» **Task**: In the records below, the lines between the one holding "RECOMMENDATION ITU-R S.354-2*" and the one holding "I'll be there", inclusive, are to be transcribed exactly; no pictures are to be included.

» **Stored data**:
[Start of section]

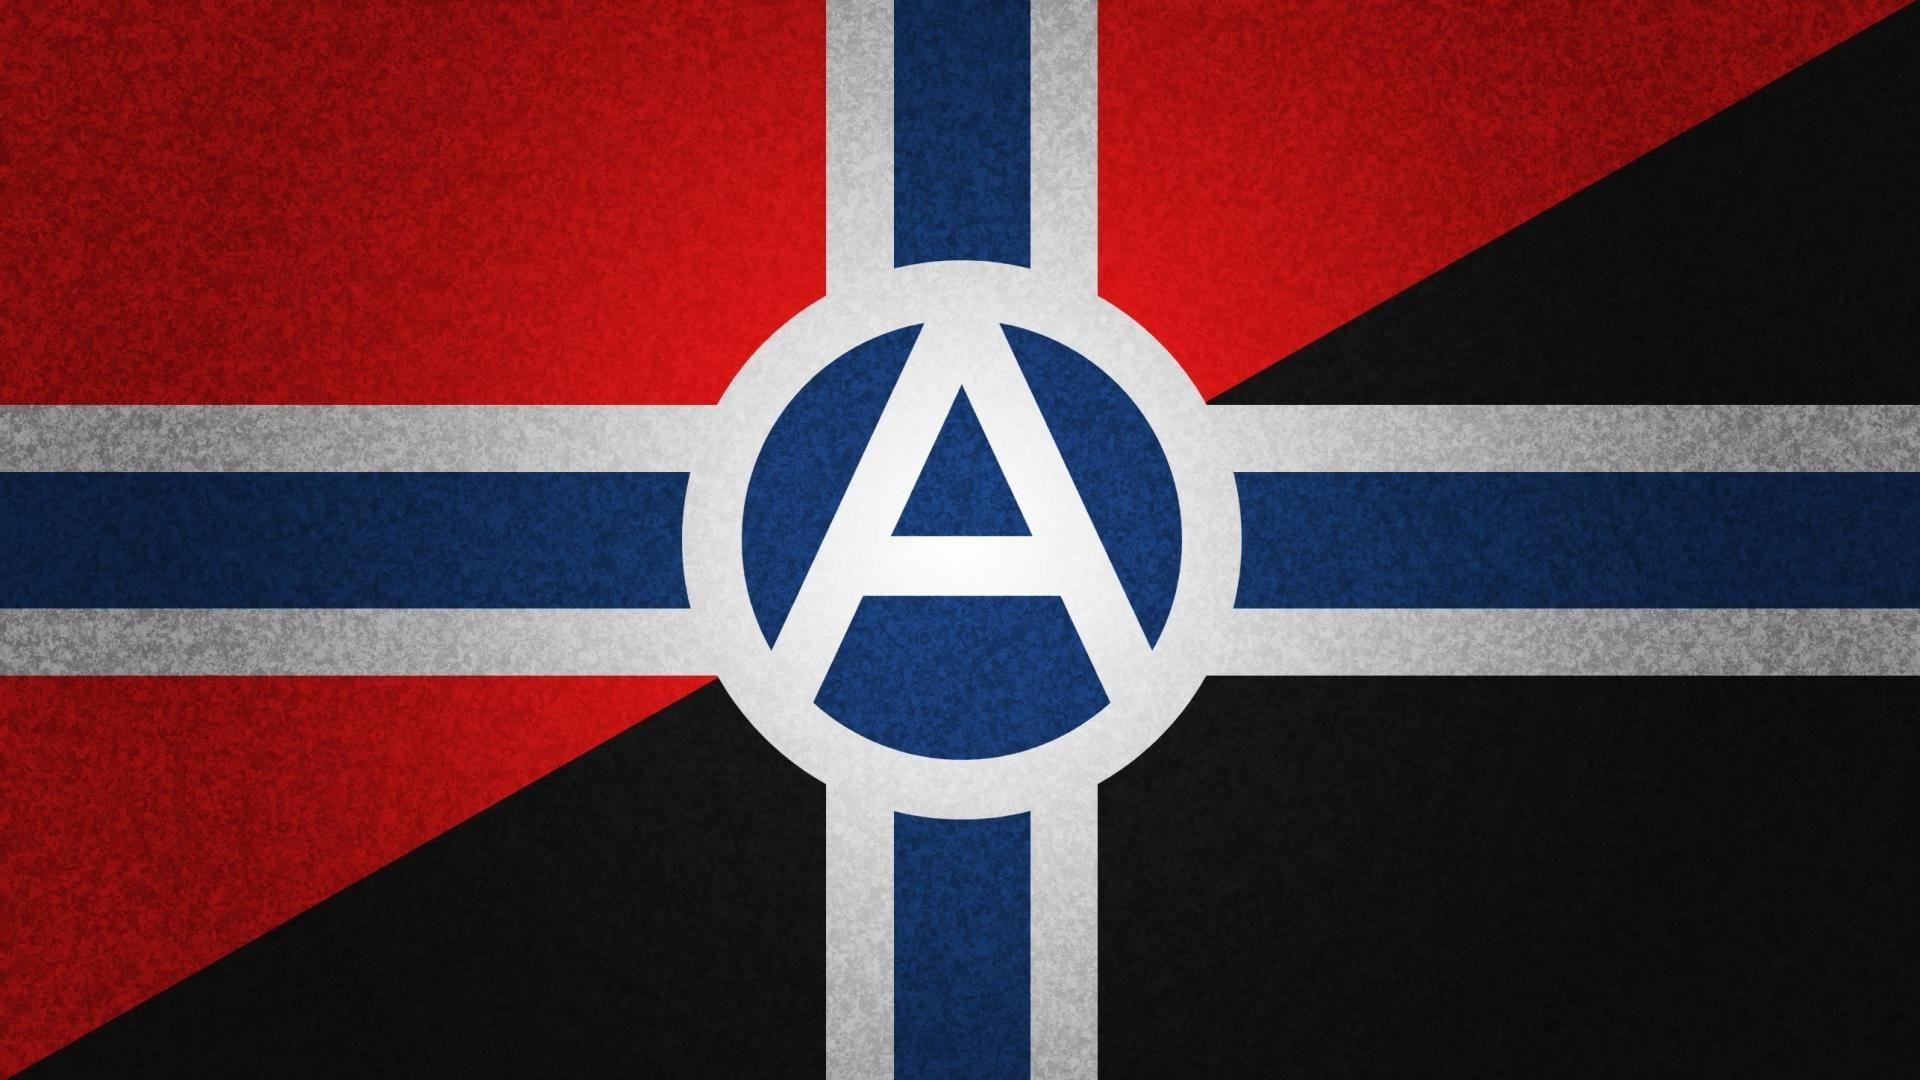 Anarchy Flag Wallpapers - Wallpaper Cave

[End of section]
[Start of section]

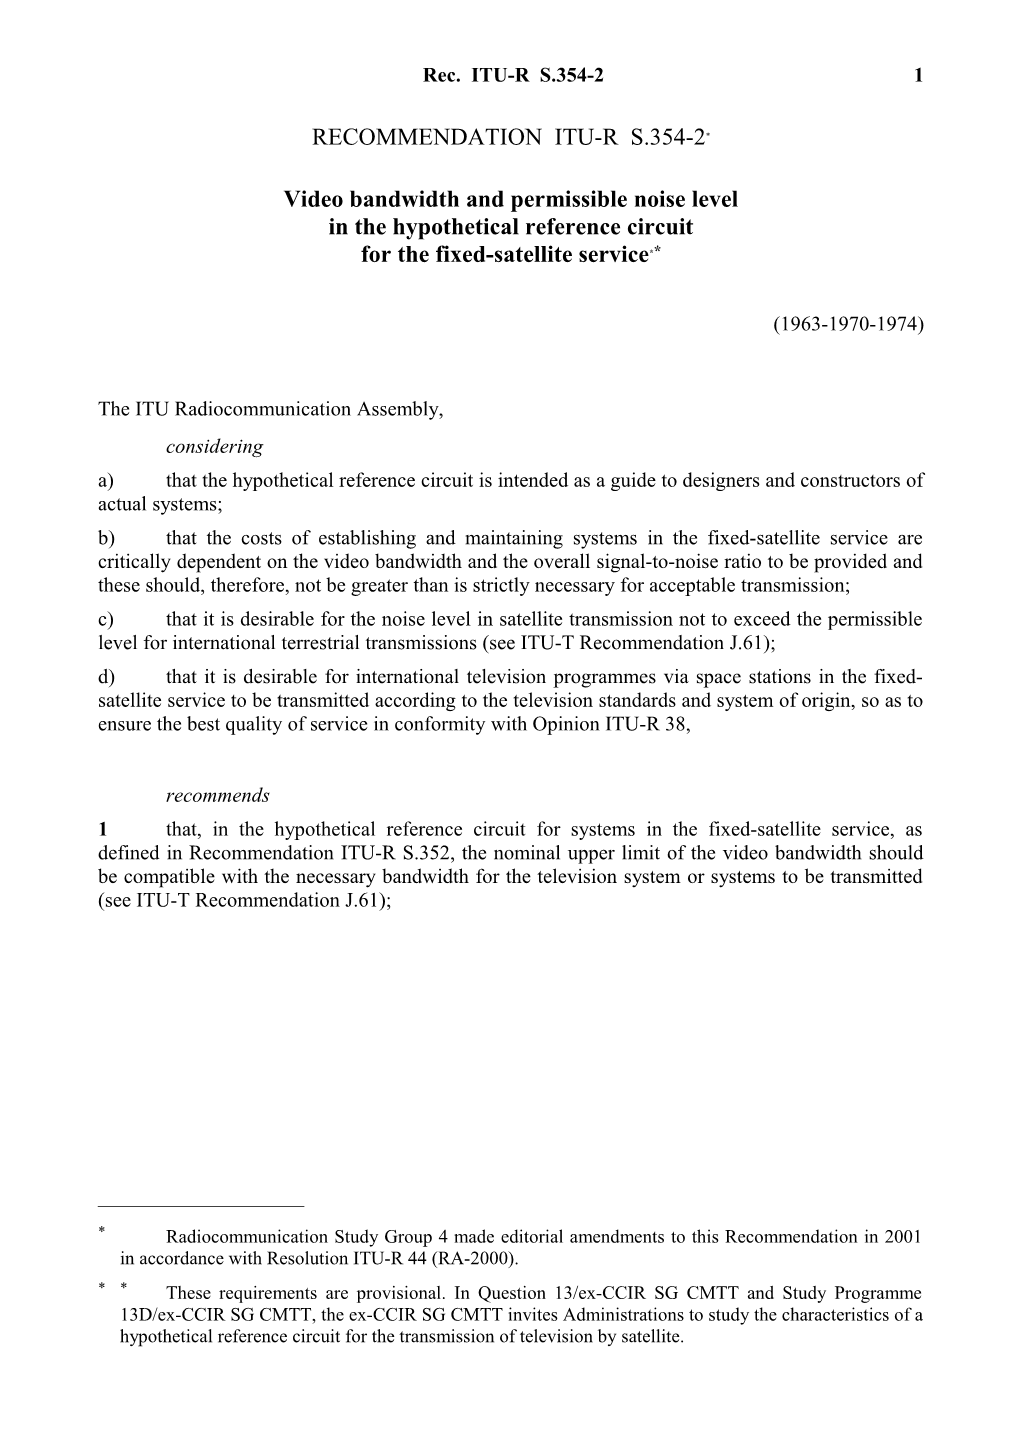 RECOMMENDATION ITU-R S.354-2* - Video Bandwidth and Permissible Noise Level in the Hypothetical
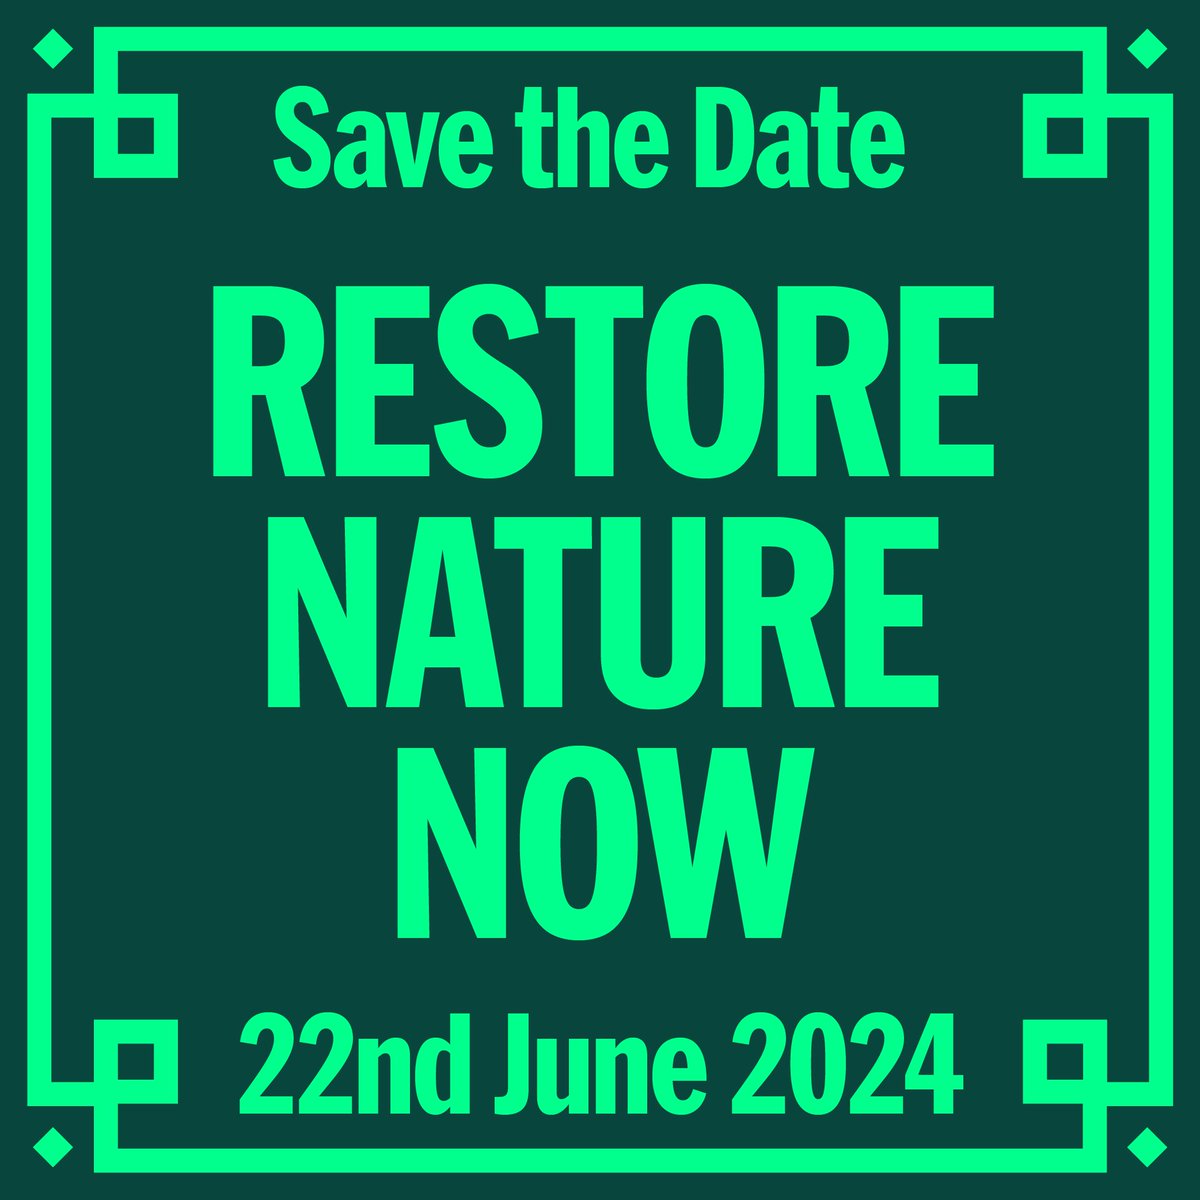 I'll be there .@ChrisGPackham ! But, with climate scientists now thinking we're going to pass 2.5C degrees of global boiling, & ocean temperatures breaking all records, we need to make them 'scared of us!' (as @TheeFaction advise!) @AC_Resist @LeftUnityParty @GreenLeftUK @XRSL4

[End of section]

» **Task output**:
 RECOMMENDATION ITU-R S.354-2* - Video Bandwidth and Permissible Noise Level in the Hypothetical
 I'll be there .@ChrisGPackham ! But, with climate scientists now thinking we're going to pass 2.5C degrees of global boiling, & ocean temperatures breaking all records, we need to make them 'scared of us!' (as @TheeFaction advise!) @AC_Resist @LeftUnityParty @GreenLeftUK @XRSL4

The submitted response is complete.